- WHAT THIS TASK INVOLVES
Please restate every line below exactly, without any pictures.

- GIVEN DATA
----

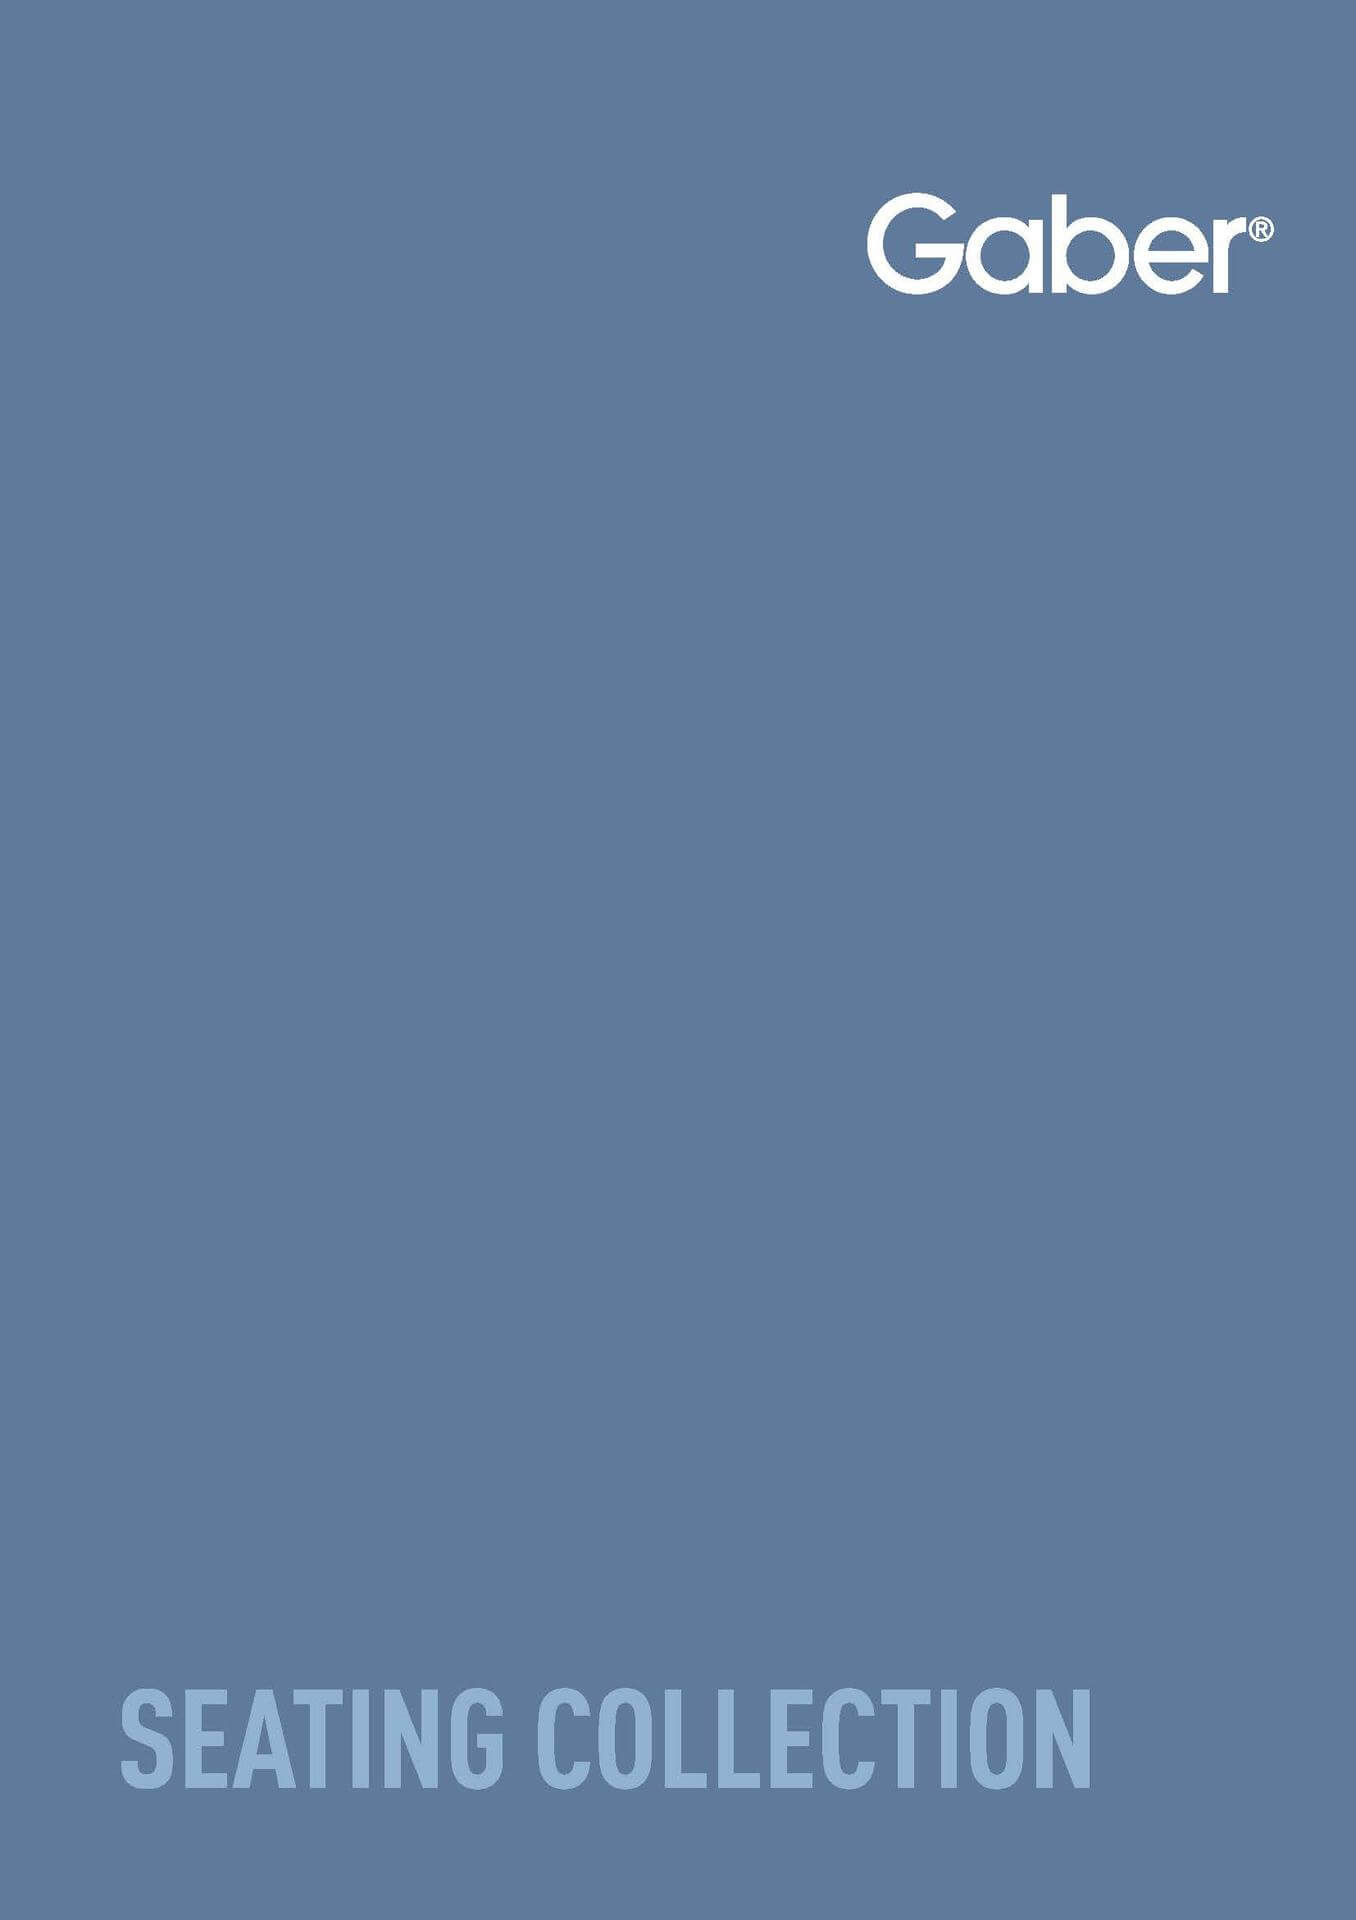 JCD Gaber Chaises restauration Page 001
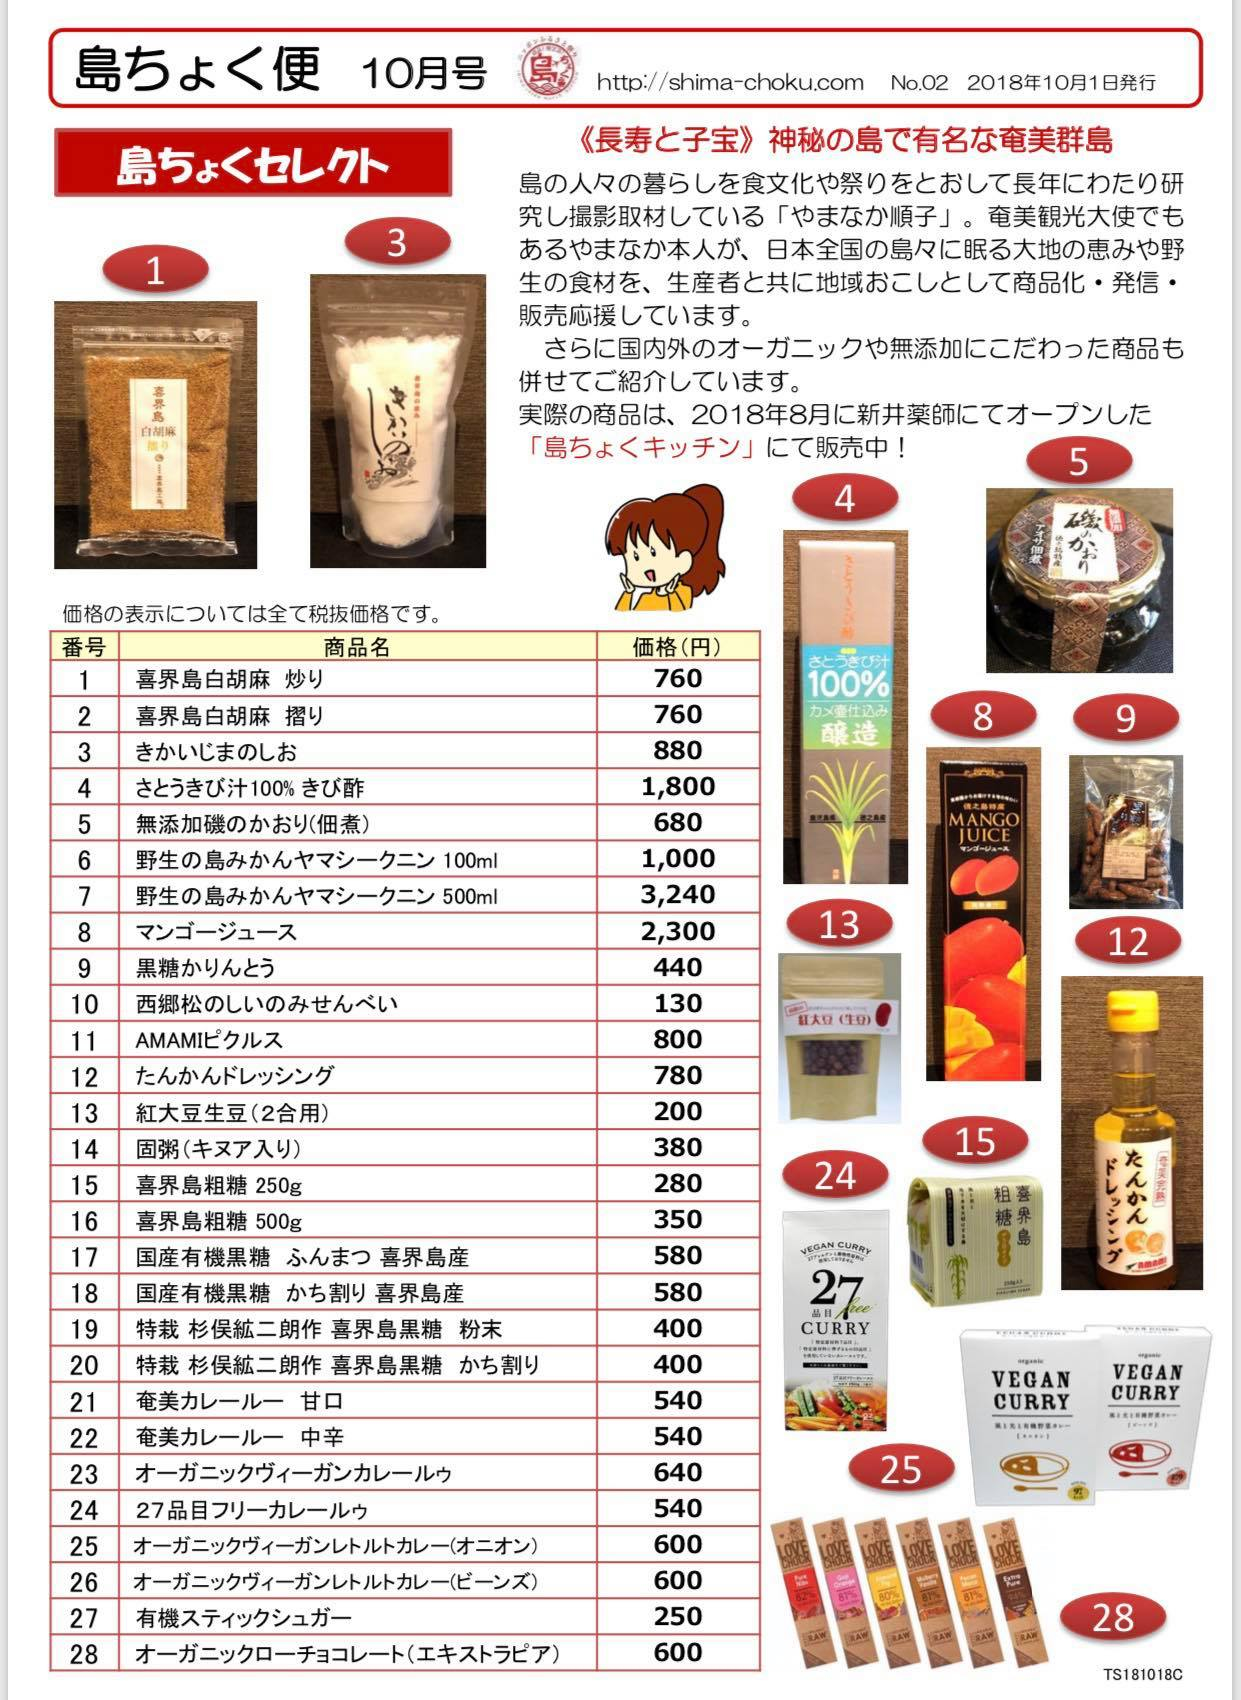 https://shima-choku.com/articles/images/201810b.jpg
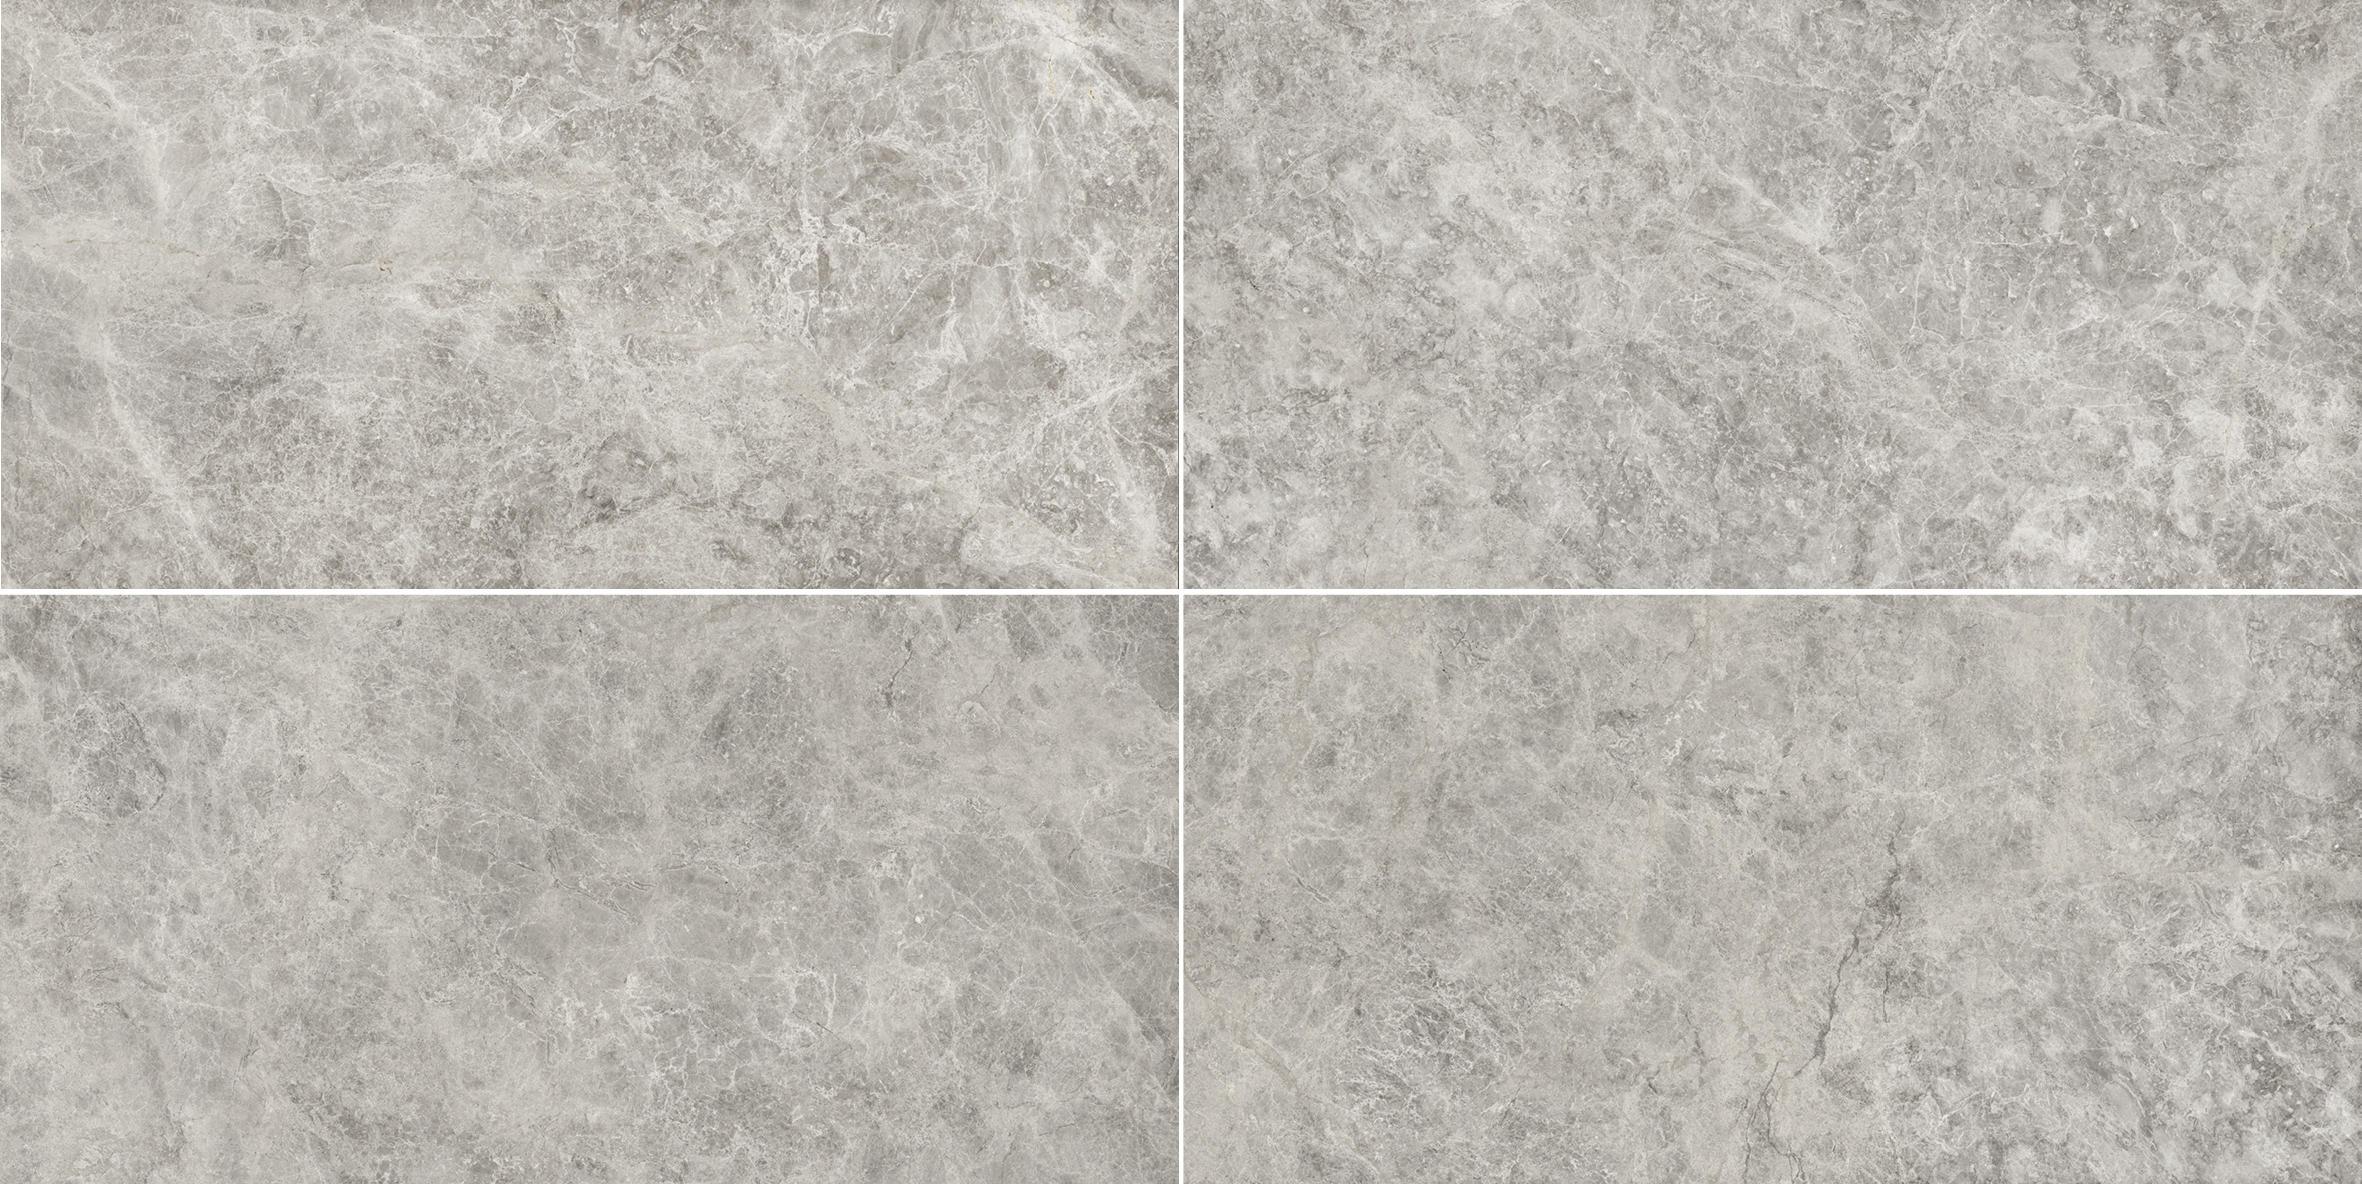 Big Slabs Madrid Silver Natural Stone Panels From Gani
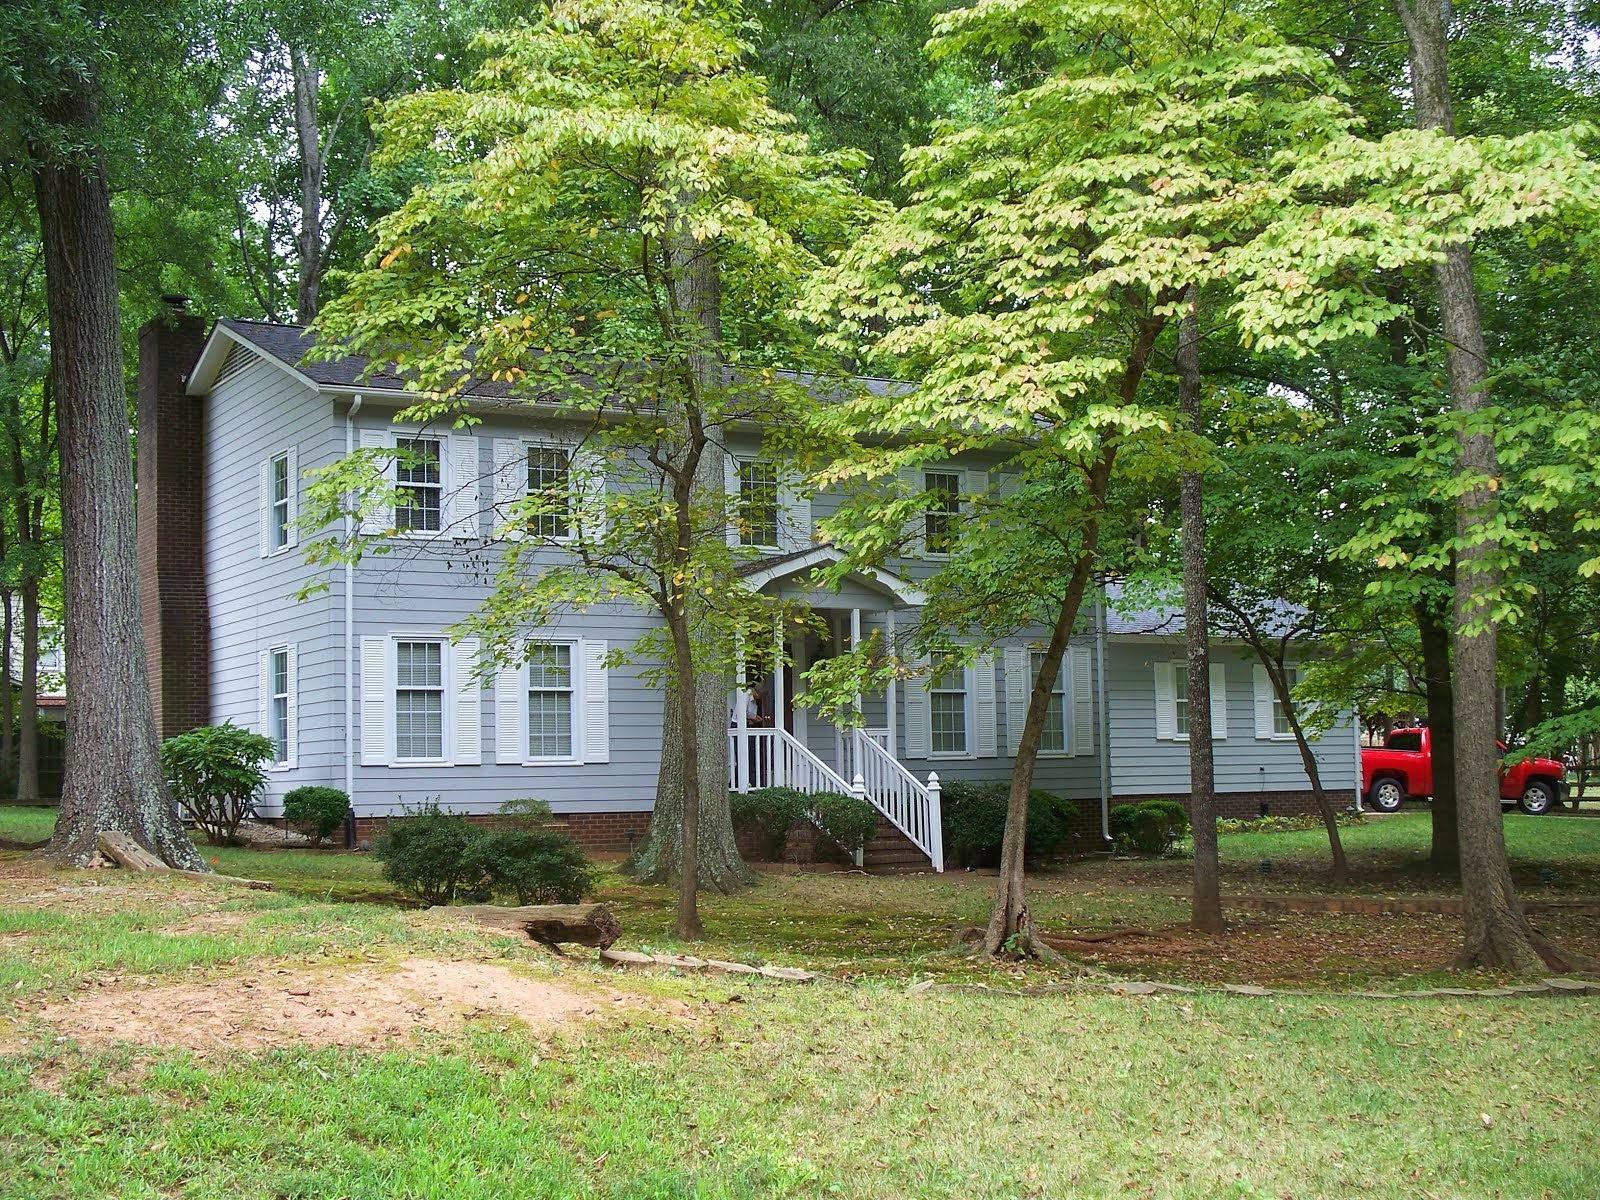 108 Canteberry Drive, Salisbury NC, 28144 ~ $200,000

----

- ANSWER SPACE
 JCD Gaber Chaises restauration Page 001
 https://shima-choku.com/articles/images/201810b.jpg
 Big Slabs Madrid Silver Natural Stone Panels From Gani
 108 Canteberry Drive, Salisbury NC, 28144 ~ $200,000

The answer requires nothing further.